See if you can find a lone eagle, it has been off the market for abut 4 years now.  I have it in .22-250 (paire dog blasting) and yes .30-06 (do not get any magnum loads as it will not burn through the 13" barrel)  the .30-06 is a cannon but with the comp, it is highly accurate.  I love mine


----------



## snake hunter (Aug 17, 2009)

I would go with a S&W 460 . It uses 45LC,454 and 460, the perfect handgun


----------



## Darrell H (Aug 17, 2009)

If you don't want to spend alot, I would suggest a good .44 Mag or .45 Colt revolver.  If you don't care to spend over $1K I would suggest a Freedom Arms in .475 Linebaugh.  That will be one of my next purchases.  

I've got a .500 S&W revolver but don't care for the size of the big X-frame guns (since you mentioned .460).  That being said my .500 S&W be the weapon of choice next month on my Alaskan brown bear hunt.  Sometimes bigger is better!


----------



## Hunley (Aug 17, 2009)

Depends on the price range. A Ruger in .44 Mag is hard to beat, and built like a tank. Almost bought a new Redhawk for that exact reason. 

The only other thing I would even consider is the S&W 460. Like snake hunter said, it can shoot three different rounds that are all effective on what you will encounter in GA. .45LC for hogs, .454 for deer, and 460 for... cape buffalo?


----------



## Stu (Aug 17, 2009)

Thompson Center Contender with a 45-70 barrel.


----------



## duckshooter.76 (Aug 17, 2009)

*10mm*

I'd go w/ a 10mm Glock 20.


----------



## Barry Duggan (Oct 1, 2009)

Unless you are use to shooting large caliber handguns, don't jump in too deep. Although I went to .45 colts and 454 casulls, I still think a .44 mag., with a 6-7 1/2" barrel is not a bad way to go.


----------



## The Terminator (Oct 3, 2009)

You should read this, and see if it helps with your decision.  I have the same gun, though I would not feel bad with the 8 3/3 or maybe even the 6 inch barrel length models. 

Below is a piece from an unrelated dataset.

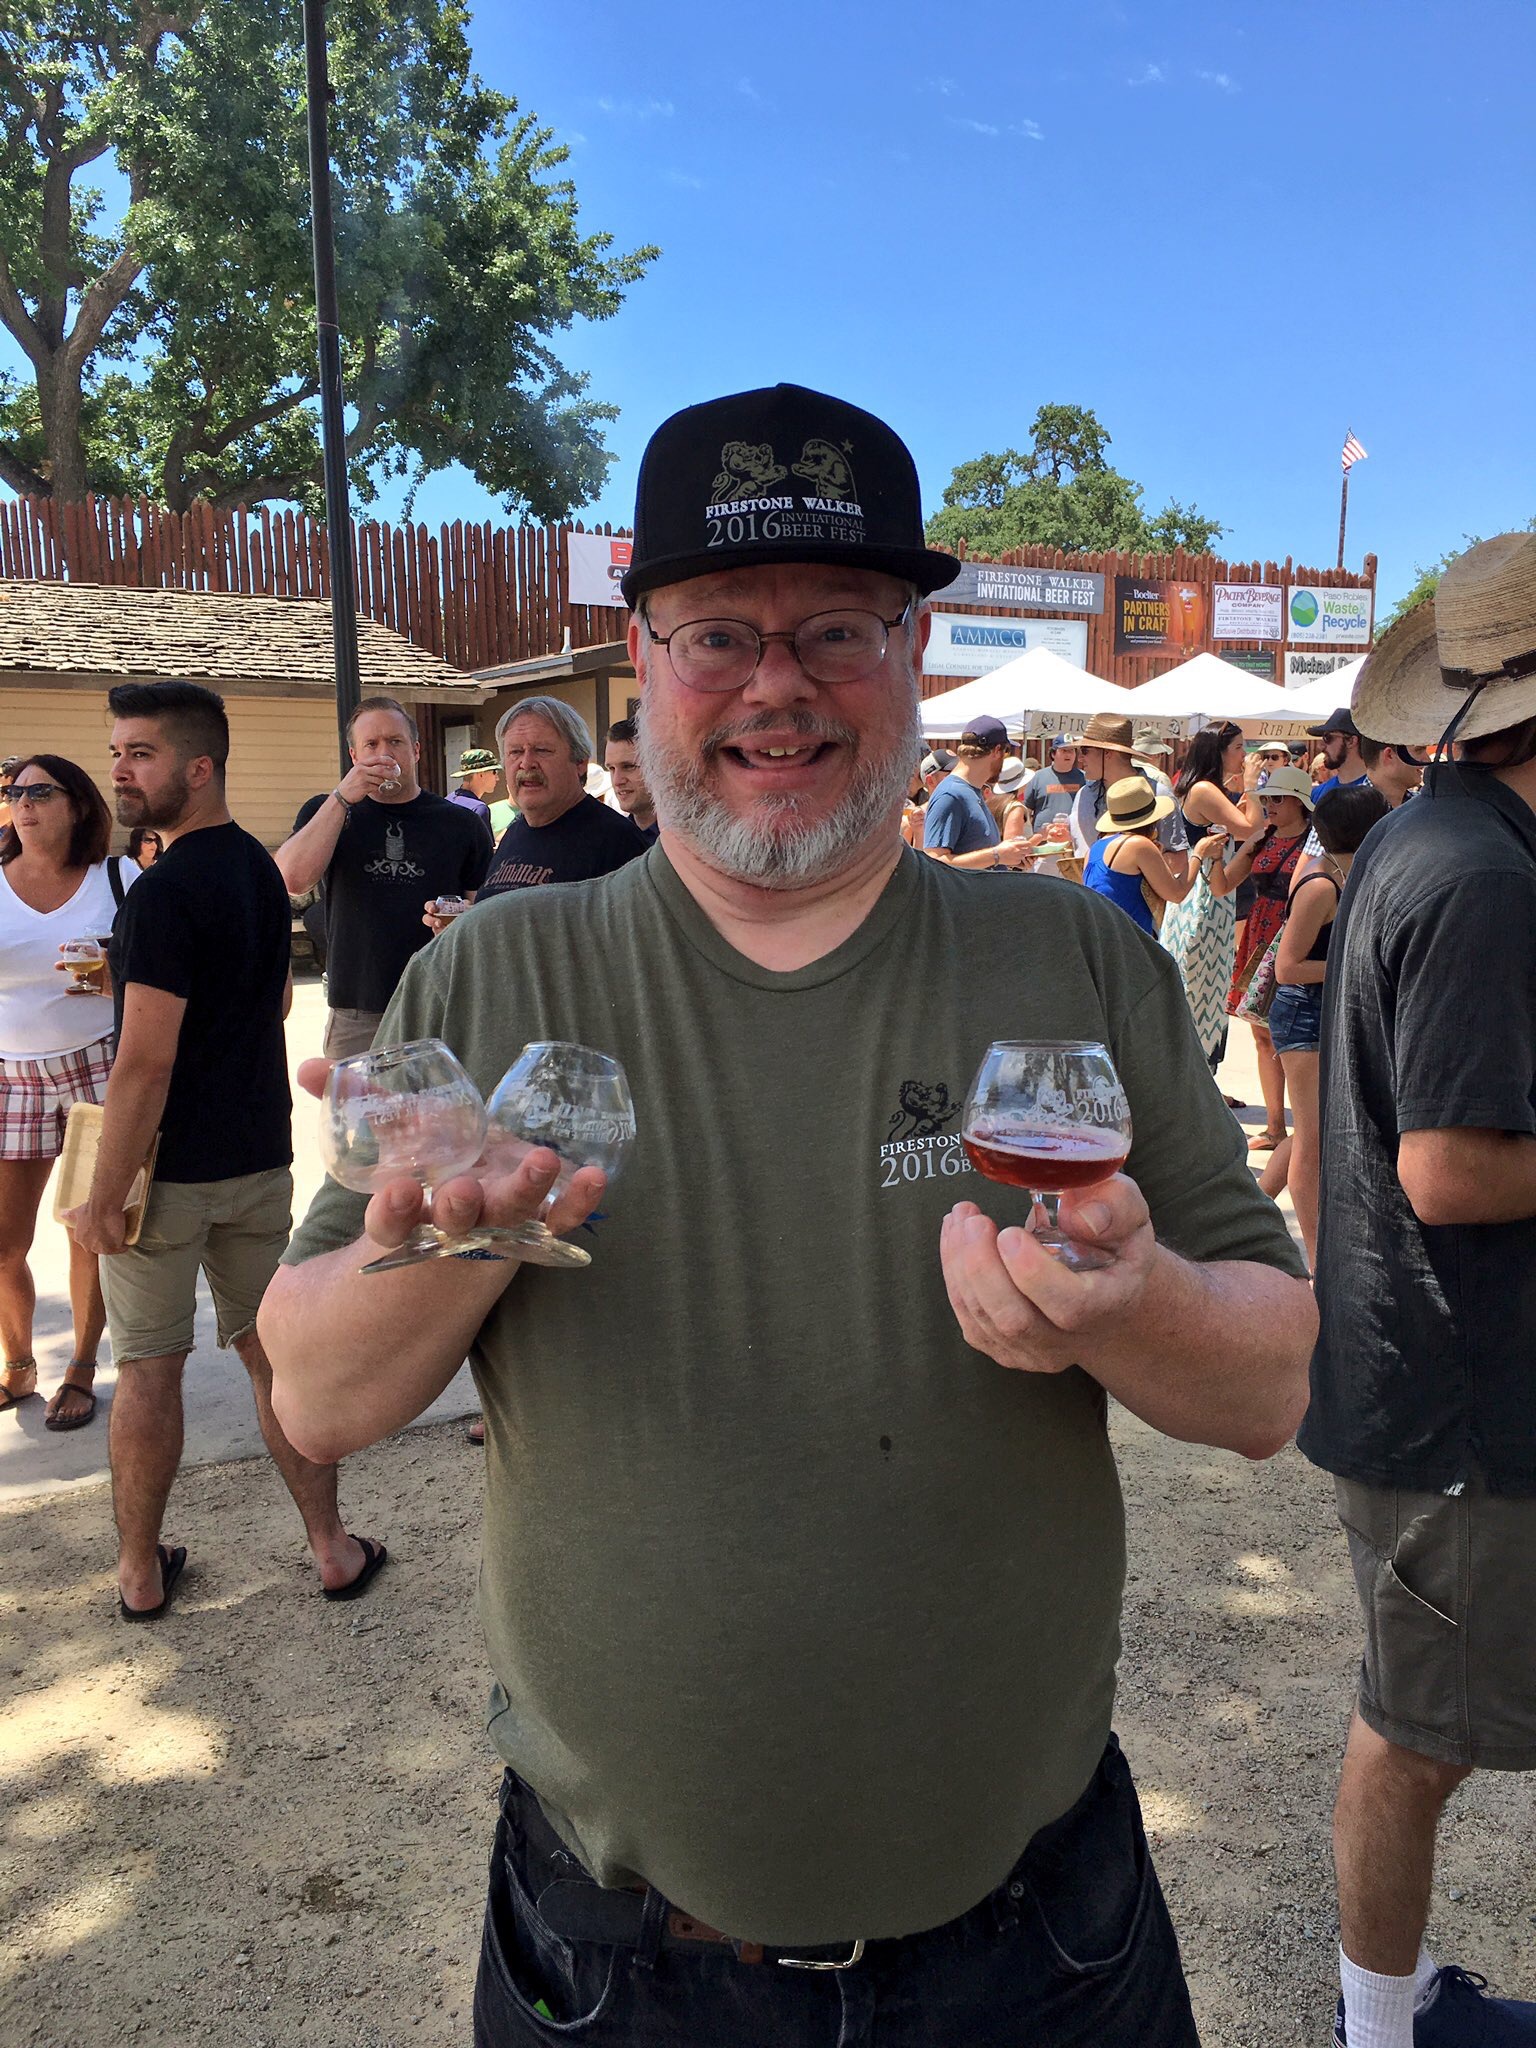 This guy must be thirsty! Of course Don Scheidt was in Paso Robles all the way from Portland, Oregon to celebrate the 2016 Firestone Walker Invitational Beer Fest.

http://www.outdoorlife.com/articles/gear/2007/09/ultimate-hunting-gun

I'd like to add, that I much prefer the 45 Colt/454 setup over the 44 mag.  You can get a lot more power from either if you handload.  The 44 mag is great for folks that would rather buy off the shelf or factory made ammo.  That said, the 44 mag is well known to be an extremely accurate round.  If you handload, the 45 Colt will shoot heavier bullets, with more power than a 44 is capable of delivering in over the shelf ammo.   1200 ft/lb loads are easily attainable with the 45 Colt.  It really is a wonderful cartridge.  I have one.  Mine has a 5 shot cylinder, rated for 50,000 psi, and will shoot loads capable of 1600 ft/lbs, if one has the guts to try it.   These loads can be found with a little research.  Dick Casull used 5 shot 45 Colts for research when coming up with the mighty 454, which is a stretched 45 Colt.  Only thing is, the 454 and 45 Colt offer a lot more recoil than the 500 mag.  Yes, thats right.  For the same energy, they shoot at a much higher pressure.  You can shoot a 38,000 psi load from the 500 mag that still wallops the 454 for energy, with the 454 needing 50,000 (or is it 60,000?) psi in order to get there.  FYI, psi is the commonly used new method for measuring pressure in ammunition, whereas copper units of pressure, cuprels, is the old method.


----------



## buffalohunter (Oct 7, 2009)

I do all my hunting with TC Encore or Contenders.

buffalohunter


----------